On low traffic environments everything is ok, when we deploy the agent to a cluster that has high traffic we occasionally observe that some pods become unresponsive temporarily. What we observe so far:
- Amount of traces sent to tempo goes down
- Prometheus requests coming to metrics endpoint hangs and prometheus fires exporter down alert
- CPU usage goes down
- There are no error logs
- Listener on
:80is still alive, but hangs when I make a request to test
When I port forward to my local and make an HTTP GET to /metrics endpoint of problematic pod, I see that curl hangs for 2-3 minutes and I get a response that has all the metrics.
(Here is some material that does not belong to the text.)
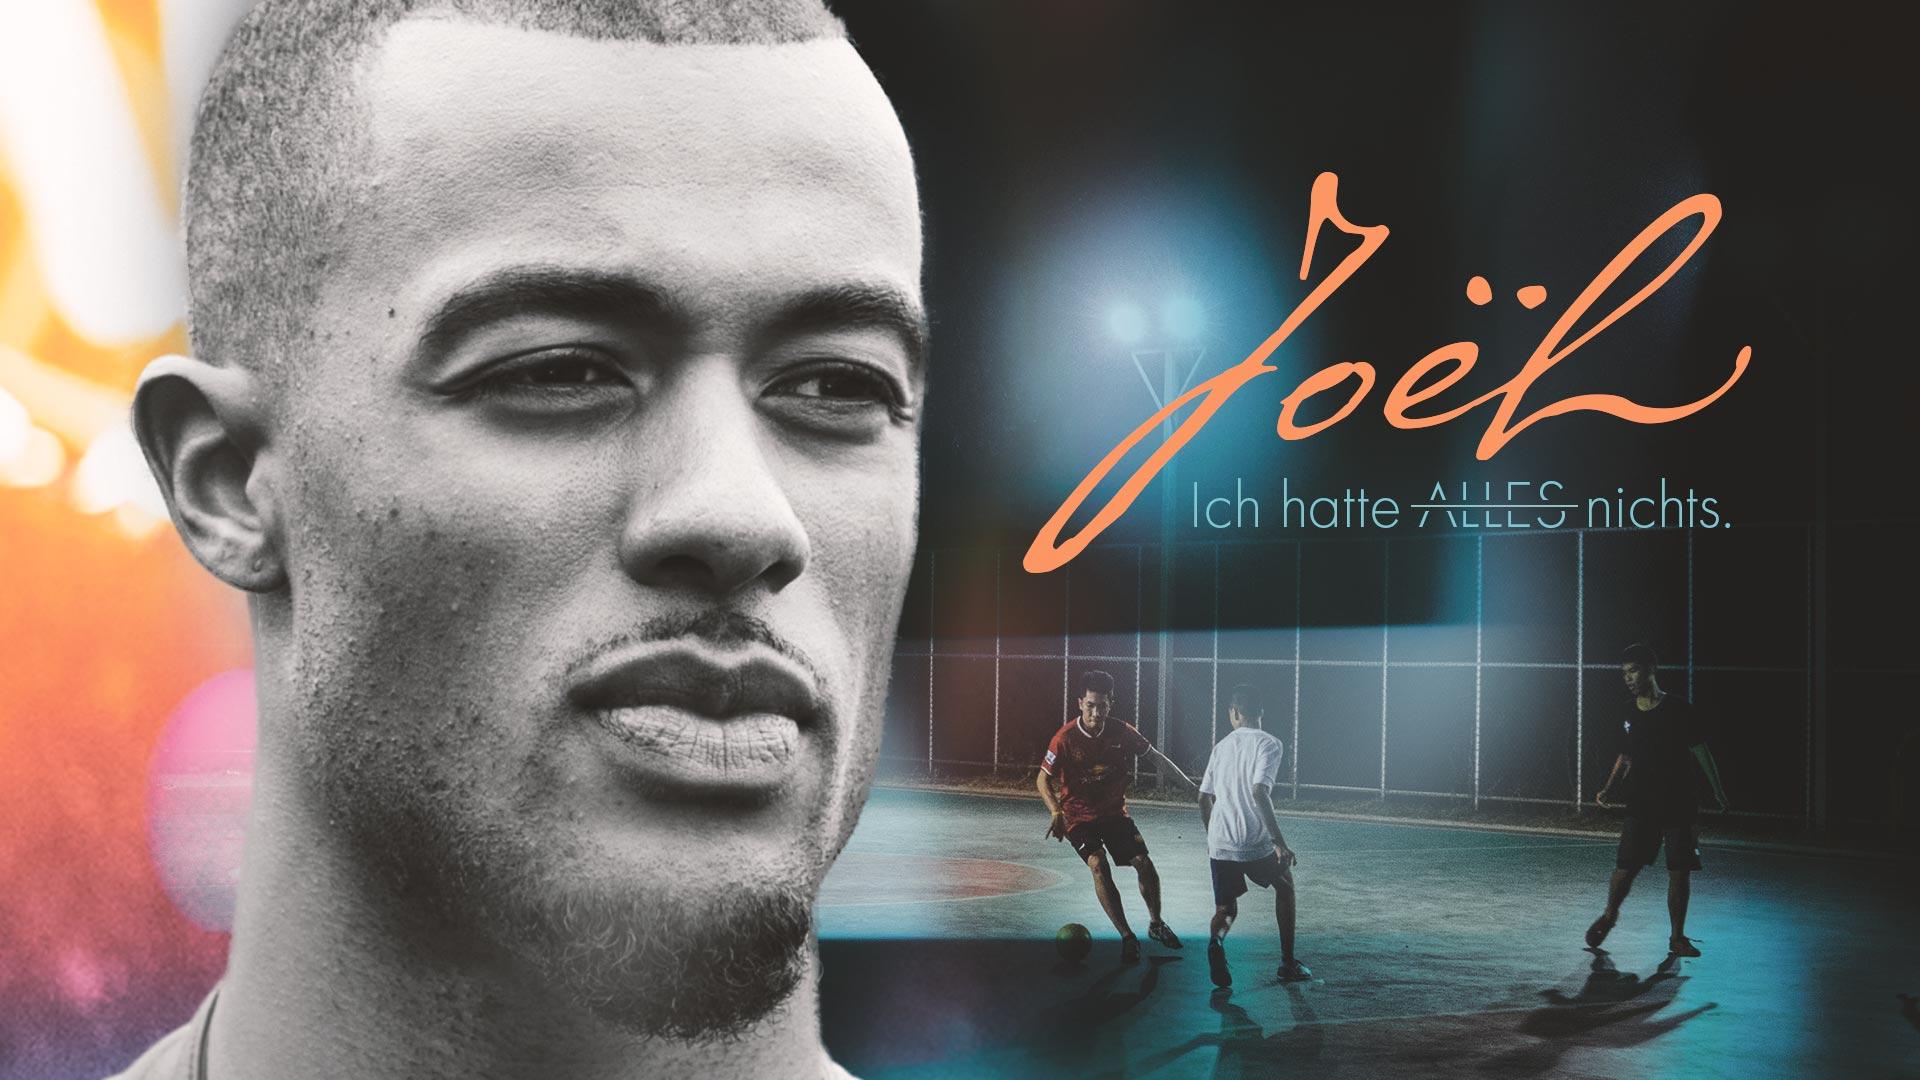 Joël Kiassumbua spielt Fußball und glaubt an Gott

After I get a response I see that the pod prints lots of error logs like:
E0105 13:23:53.538909 869465 main.go:193] error encoding and sending metric family: write tcp 10.57.8.224:80->10.57.2.252:33862: write: broken pipe
E0105 13:23:53.538909 869465 main.go:193] error encoding and sending metric family: write tcp 10.57.8.224:80->10.57.2.252:33862: write: broken pipe
E0105 13:23:53.538909 869465 main.go:193] error encoding and sending metric family: write tcp 10.57.8.224:80->10.57.2.252:33862: write: broken pipe
E0105 13:23:53.538909 869465 main.go:193] error encoding and sending metric family: write tcp 10.57.8.224:80->10.57.2.252:33862: write: broken pipe
E0105 13:23:54.066131 869465 main.go:193] error encoding and sending metric family: write tcp 10.57.8.224:80->10.57.11.104:54516: write: broken pipe
E0105 13:23:54.066131 869465 main.go:193] error encoding and sending metric family: write tcp 10.57.8.224:80->10.57.11.104:54516: write: broken pipe
E0105 13:23:54.066131 869465 main.go:193] error encoding and sending metric family: write tcp 10.57.8.224:80->10.57.11.104:54516: write: broken pipe
E0105 13:23:54.066131 869465 main.go:193] error encoding and sending metric family: write tcp 10.57.8.224:80->10.57.11.104:54516: write: broken pipe
E0105 13:23:55.143771 869465 main.go:193] error encoding and sending metric family: write tcp 10.57.8.224:80->10.57.2.252:53082: write: broken pipe
E0105 13:23:55.143771 869465 main.go:193] error encoding and sending metric family: write tcp 10.57.8.224:80->10.57.2.252:53082: write: broken pipe
E0105 13:23:55.143771 869465 main.go:193] error encoding and sending metric family: write tcp 10.57.8.224:80->10.57.2.252:53082: write: broken pipe
E0105 13:23:55.143771 869465 main.go:193] error encoding and sending metric family: write tcp 10.57.8.224:80->10.57.2.252:53082: write: broken pipe
E0105 13:23:55.571720 869465 main.go:193] error encoding and sending metric family: write tcp 10.57.8.224:80->10.57.11.104:38062: write: broken pipe
E0105 13:23:55.571720 869465 main.go:193] error encoding and sending metric family: write tcp 10.57.8.224:80->10.57.11.104:38062: write: broken pipe
E0105 13:23:55.571720 869465 main.go:193] error encoding and sending metric family: write tcp 10.57.8.224:80->10.57.11.104:38062: write: broken pipe
E0105 13:23:55.571720 869465 main.go:193] error encoding and sending metric family: write tcp 10.57.8.224:80->10.57.11.104:38062: write: broken pipe
I assume these happen because of prometheus. It creates a connection to :80 and after $scrape_timeout seconds it closes the connection.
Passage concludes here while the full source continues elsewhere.